1. Field of the Invention
Illustrative, non-limiting embodiments of the present invention relate generally to distributed shared file systems (DSFS), and more particularly to a method for performing snapshots in distributed shared file systems.
2. Description of the Related Art
As the capacity of data storage systems continues to increase to meet user demands, the need to backup the data that the system stores likewise has been increasing. Also, during the backup process, the reliability of the storage system should be maintained by disrupting access to the storage system as little as possible and ensuring that data is not lost or corrupted during the backup process.
One technique for increasing the reliability of the storage system is a “snapshot” technique. A “snapshot” is a copy of a file, disk, or other storage unit at a certain point in time. In one implementation, a system administrator of the system initiates a request for performing the snapshot.
During one type of snapshot technique, the data stored in a storage unit is copied at regular time intervals to a single, dedicated storage device, or to a different storage device, to create a snapshot. Snapshots can be used for various data processing and storage management functions, including, but not limited to, transaction processing, multiple concurrent user access, software debugging, etc. After the snapshot is created, it may be stored as backup data in a different storage device, such as a tape drive or an optical disk.
After the snapshot of the data is created, the storage system may lose or incorrectly change a program or data due to a human error or a system malfunction. In such a case, the program, data or the entire content of the storage unit, as it existed at the time of the snapshot, can be restored from the snapshot.
In one example, a snapshot may be created by copying data from a production data set, which is stored at a particular storage location, to a snapshot copy data set. During the creation of the snapshot, the system cannot write new data to the storage location until the original data stored in the storage location has been copied to create the snapshot copy data set.
As such, while a snapshot is created, the system typically must stop or suspend all of the application programs that may change the related files or data contained in the particular storage location. Otherwise, the programs would change the stored data while it is being copied, and thus, the snapshot may contain erroneous data or programs or may not accurately reflect the data that was supposed to be stored at the time that the snapshot was created. However, suspending or stopping all of the application programs of the storage system is inefficient and is especially challenging in a distributed shared file system in which one or more files or application programs are shared among multiple clients.
FIG. 1 shows an exemplary diagram of a related art distributed shared file system 100 which comprises a plurality of independent network nodes 110, a plurality of storage devices 120, and a plurality of clients 140-1 to 140-N. The storage devices 120 are connected to the nodes 110 via a connection, including but not limited to a fiber channel (FC) switch 130. Furthermore, the storage device 120 comprise various devices, such as tape drives, magnetic disk drives, optical disk drives, a redundant array of independent disks (RAID), etc.

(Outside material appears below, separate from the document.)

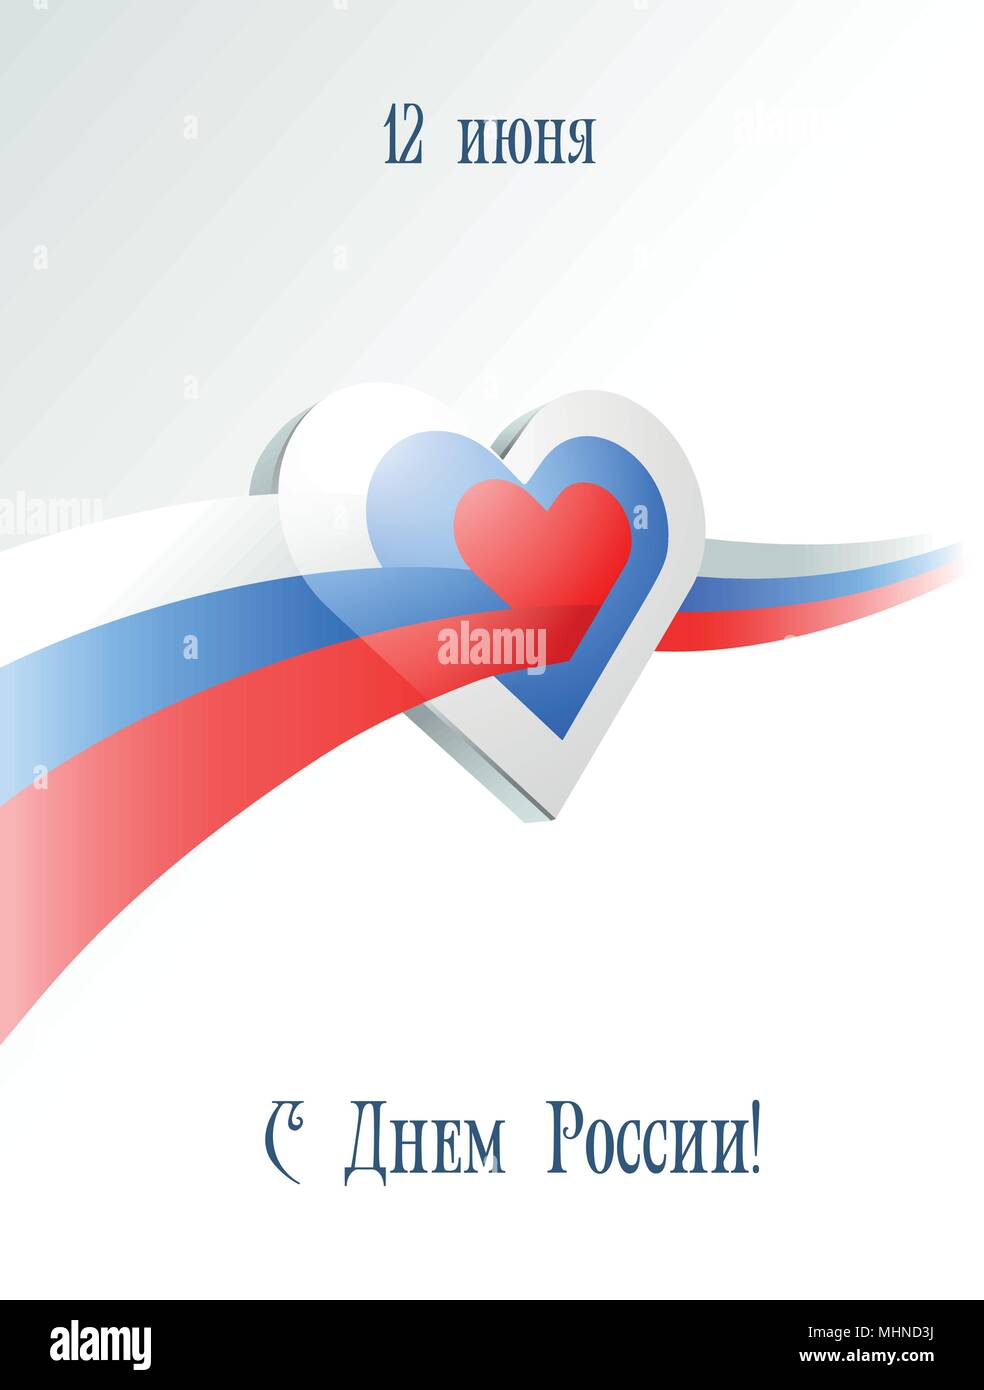 Am 12. Juni. Happy Russland Tag. Grußkarte mit wehenden russischen Flagge kreuze Herz. Vector Illustration. Stock Vektor

The network nodes 110 are also connected to the clients 140-1 to 140-N through a connection 150, such as a switch, a gigabit Ethernet, or an InfiBand connection. Also, the clients 140-1 to 140-N may use virtually any type of file sharing protocol, such as a network file system protocol (NFS), a common internet file system protocol (CIFS), a direct access file system protocol (DAFS), an AppleShare for file access, an iSCSI for block access, etc.

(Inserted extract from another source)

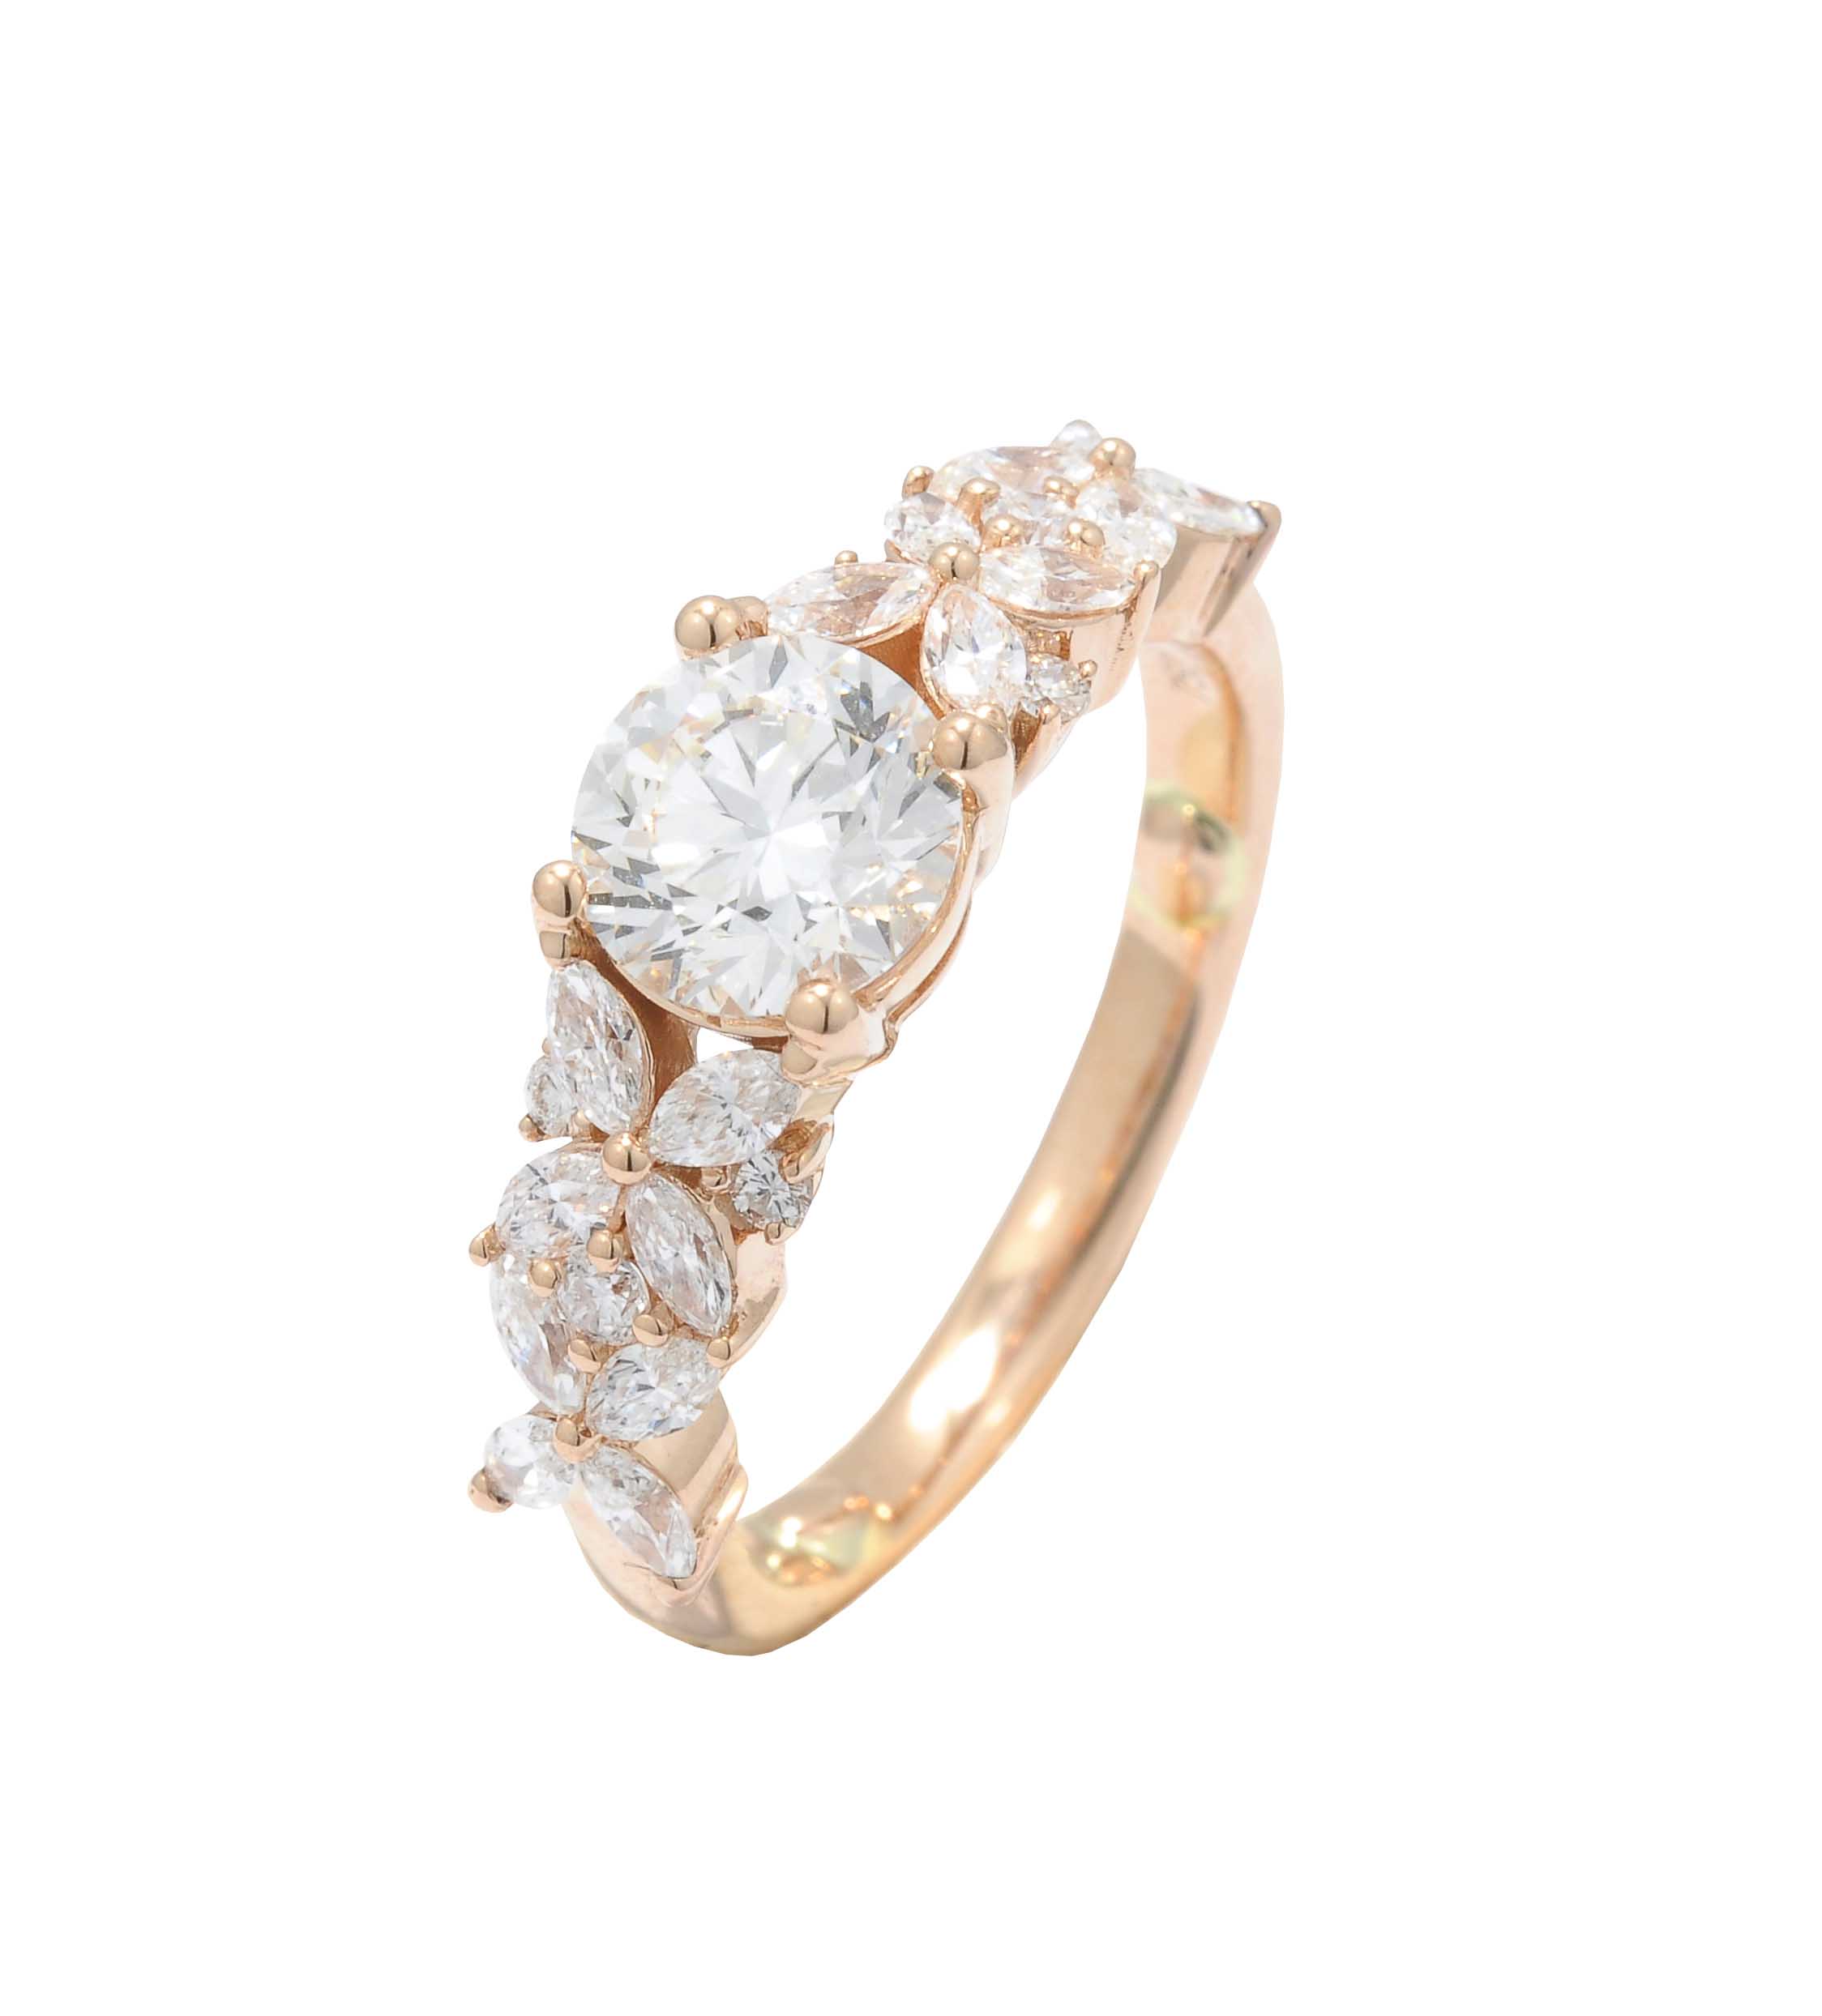 Fancy Shape Diamond Ring In 18k Rose Gold.

In the example shown in FIG. 1, the nodes 110 are linked together via a dedicated interconnect network 160. However, one skilled in the art will appreciate that the nodes 110 may be connected together via a wide area network (WAN), a metropolitan area network (MAN), a local area network (LAN), etc. By linking the nodes 110 together, the distributed shared file system 100 can combine dispersed data centers into a single, unified storage device. Moreover, in one example, each node 110 may be responsible for a domain, which is a subset or a range of designated data objects that can be identified by their unique key. Moreover, in one implementation, a file system domain (FSD), which the nodes 110 run, may maintain the domain. A non-limiting example of the distributed shared file system 100 is disclosed in U.S. Patent Application Publication No. 2004/0158663, entitled “Interconnect Topology for a Scalable Distributed Computer System,” which is hereby incorporated by reference for all purposes.
In order to create a snapshot of the system 100, one of the clients 140-1 to 140-N may execute a snapshot command or request. In response, the node 110 blocks or suspends all tasks that the system 100 is currently executing when the snapshot is requested and blocks or suspends all tasks that are initiated after the request. These tasks are blocked or suspended until the process for creating the snapshot is complete. Accordingly, this process halts the operation of system 100 for a long period of time, thereby decreasing its efficiency. Moreover, some tasks include multiple sub-tasks, and as a result, suspending these types of tasks prevents the tasks from properly terminating and may cause data loss.